Author’s brief introduction

CAI Xianghua China Merchants Bank Credit Card Center technology Manager GOPS gold medal lecturer

First of all, I would like to share a sentence with you:

We didn’t do anything wrong, but somehow we’ve lost. 

                                        Stephen Elop (Nokia CEO)

The word VUCA has been mentioned in several posts in the high performance operations community. These are uncertain times, with uncertainty, variability, complexity, ambiguity, and our needs are becoming more and more ambiguous. Previous development used a waterfall model, where a delivery could take months and requirements were fixed. But now with more and more competitors and more and more new demands, we have a lot of uncertainty. For example, when a group business model like Pinduoduo is launched, the business wants to deliver requirements in a matter of weeks.

Therefore, the constant changes brought about by VUCA pose a great challenge to the underlying monitoring system, including the challenge of the technology stack, including the challenge of the professional ability of the personnel. So in many cases, the changes that VUCA brings also mean uncertain challenges.

1. Fintech challenges

What do you think is the top priority of operations?
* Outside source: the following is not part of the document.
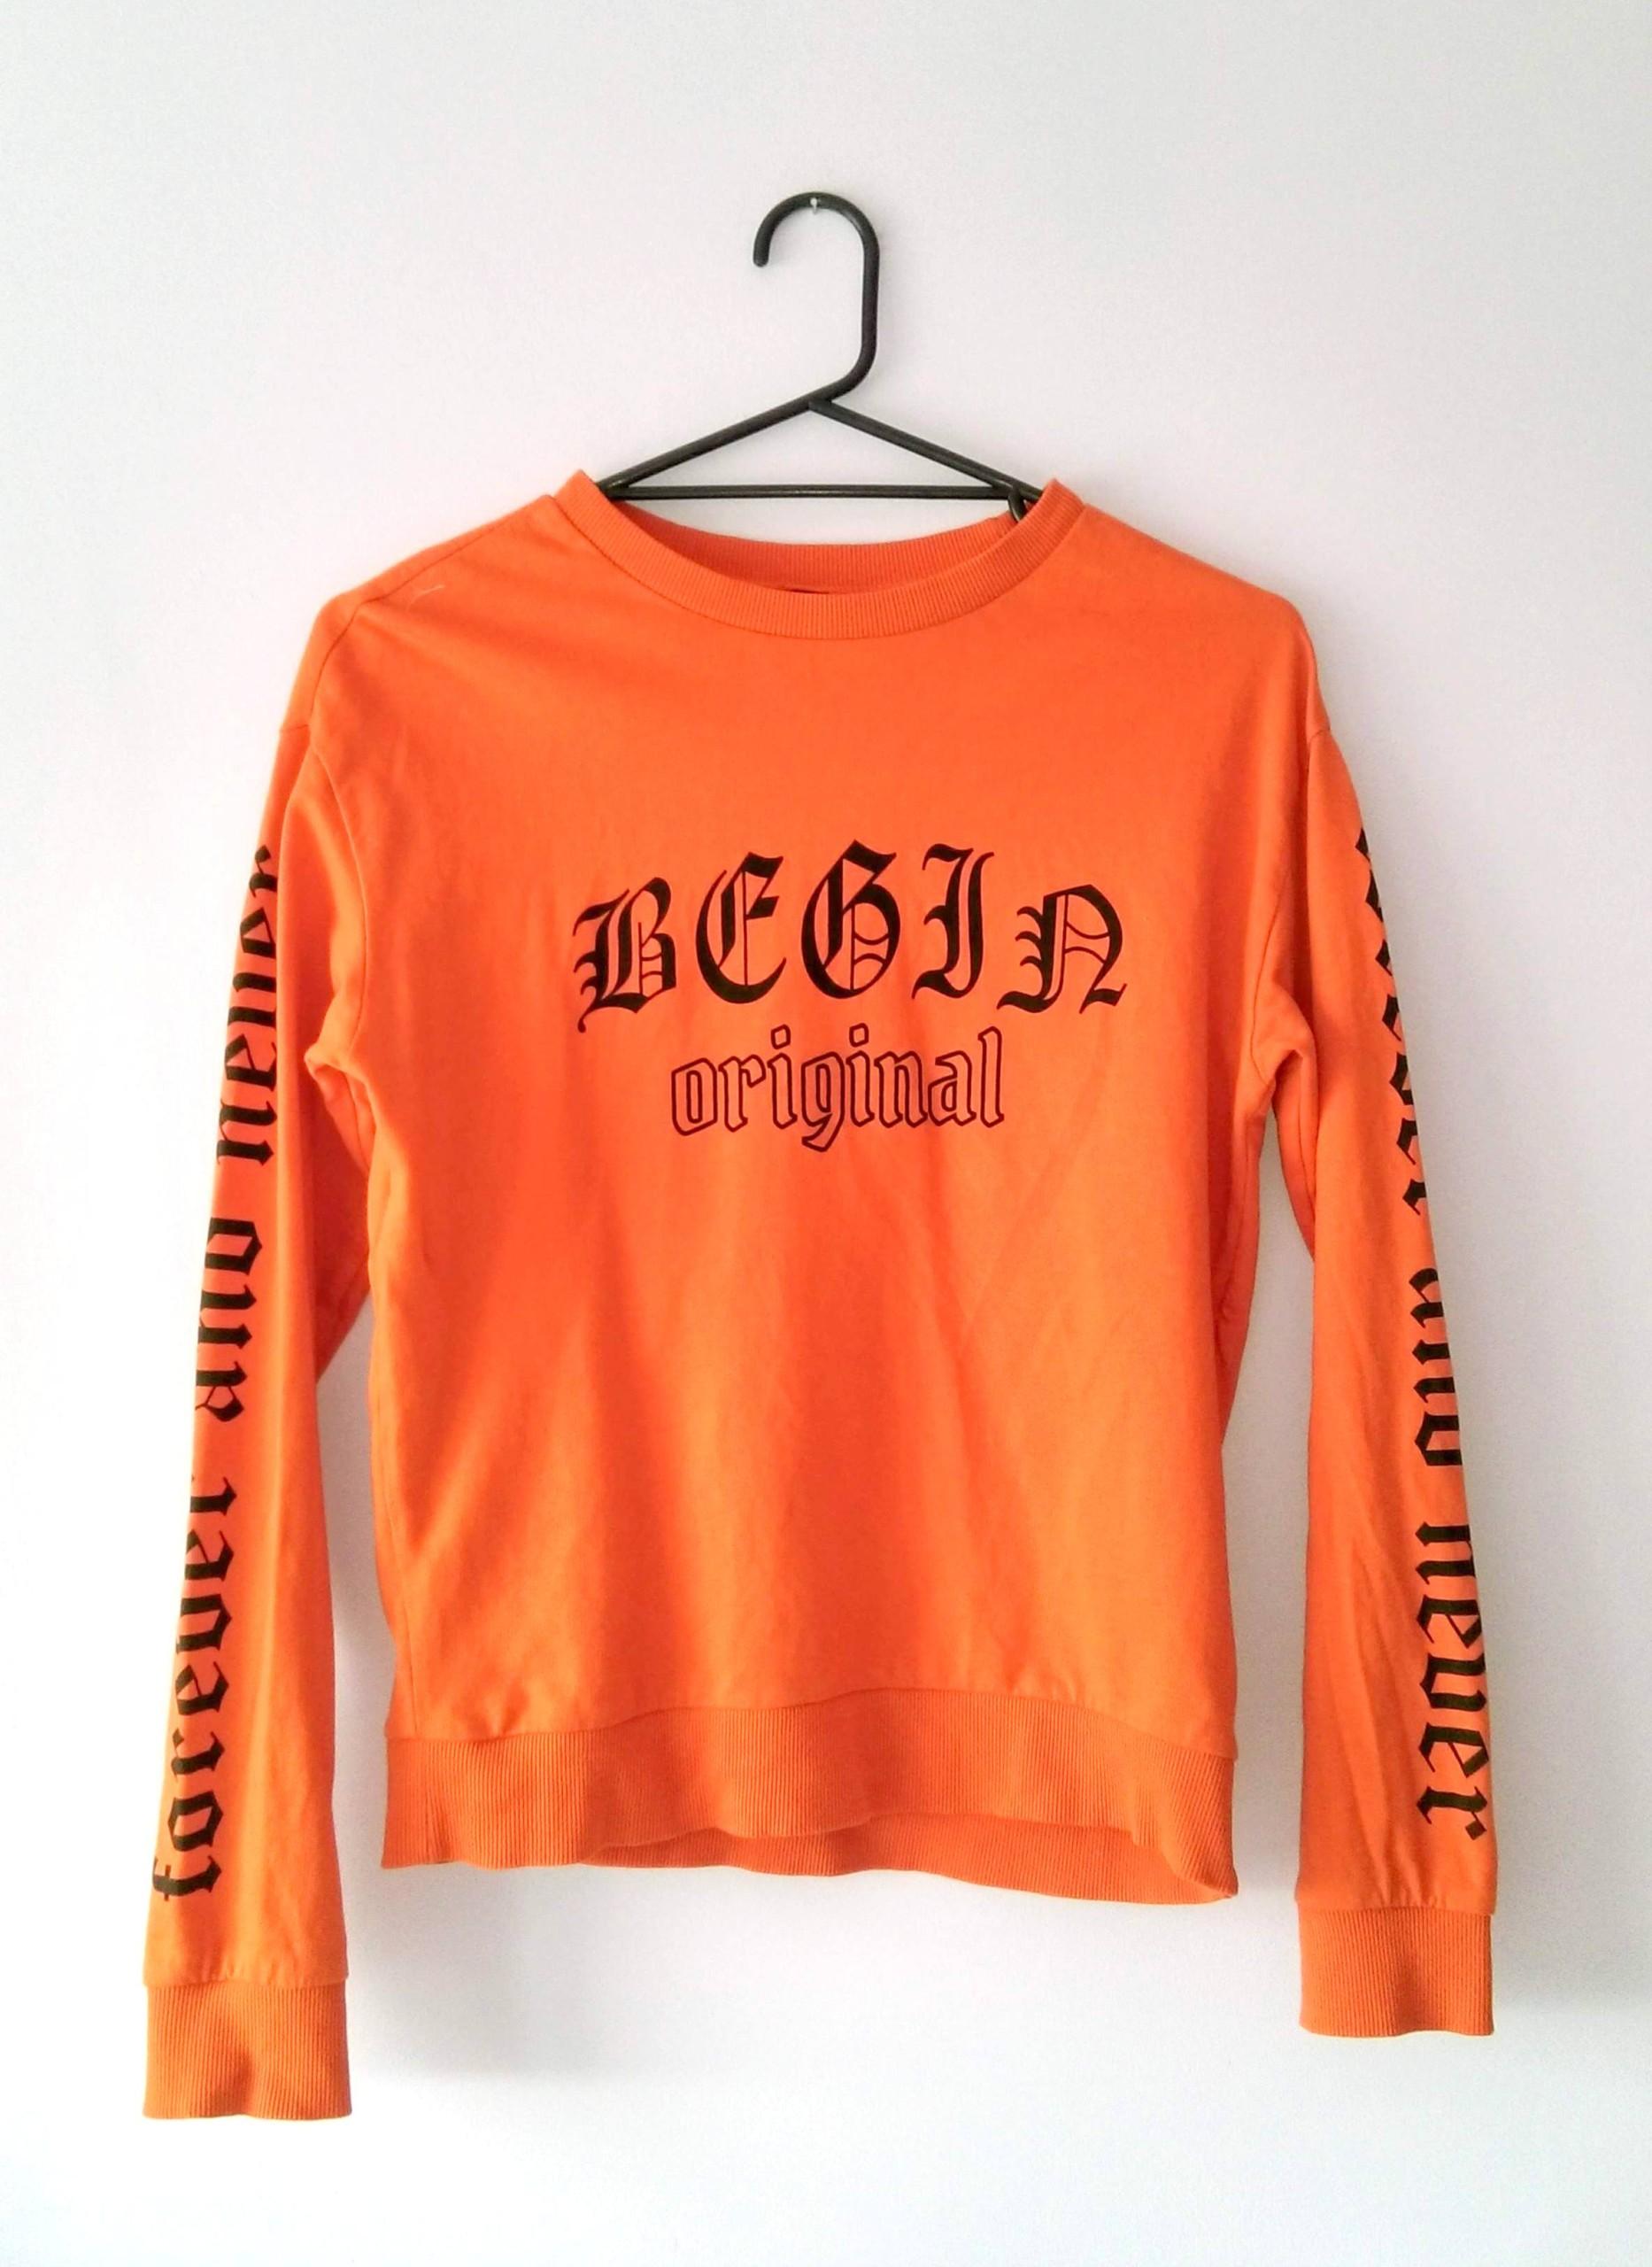 H&M DIVIDED bluza pomarańczowa napisy XS 34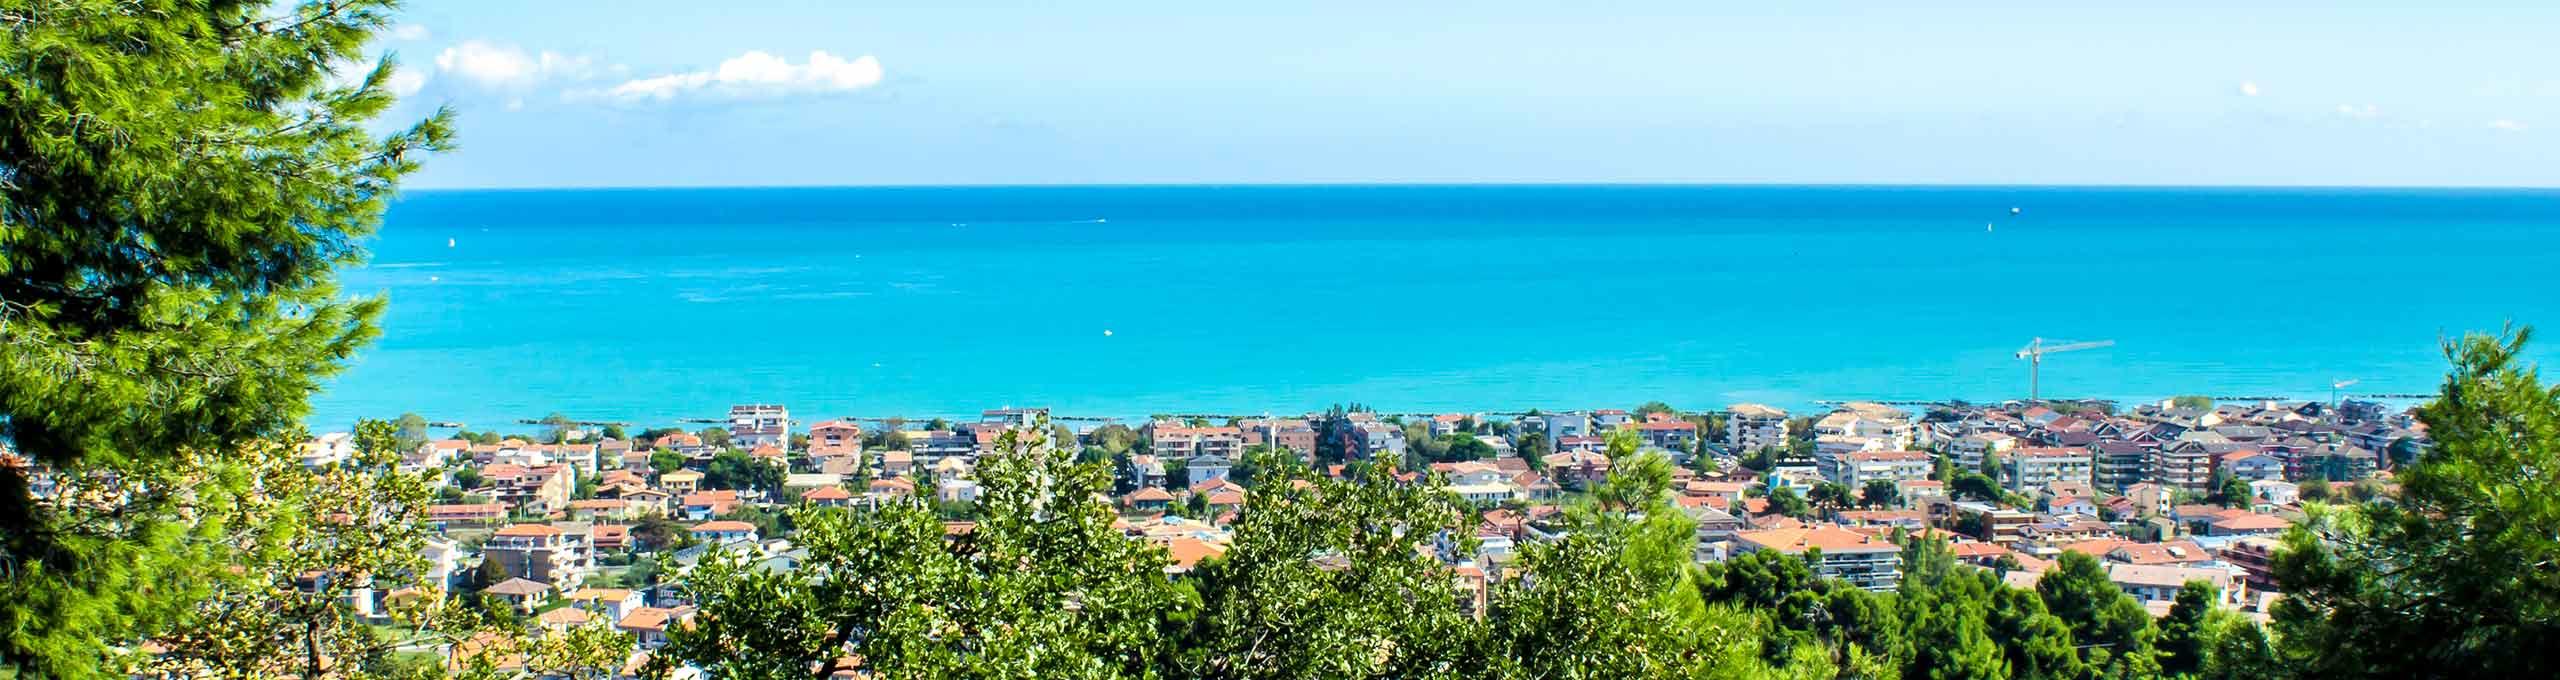 Panoramica su Pescara

On the surface, operation and maintenance is a consuming department, consuming a lot of money and resources, so for us, the first priority of operation and maintenance is to stop losses. The only way to avoid unnecessary losses is to ensure high availability of online systems and service stability.

Downtime is costing businesses every minute of Downtime, according to a consultancy. For the financial sector, especially banks, the numbers tend to be much higher.

So the changes brought about by VUCA have brought us a lot of trouble.

The biggest problem is infrastructure expansion: the capacity of the infrastructure grows exponentially.

The second problem is the introduction of new technologies and products: banks tend to use smaller machines, but now we have more and more virtualization, big data platforms. Some enterprises will go to IOE and introduce some domestic brands such as Huawei and Inspur. There are compatibility and stability issues from time to time when forming a virtualized cluster. How to monitor these new products and how to find potential problems is also a big challenge for our operation and maintenance personnel.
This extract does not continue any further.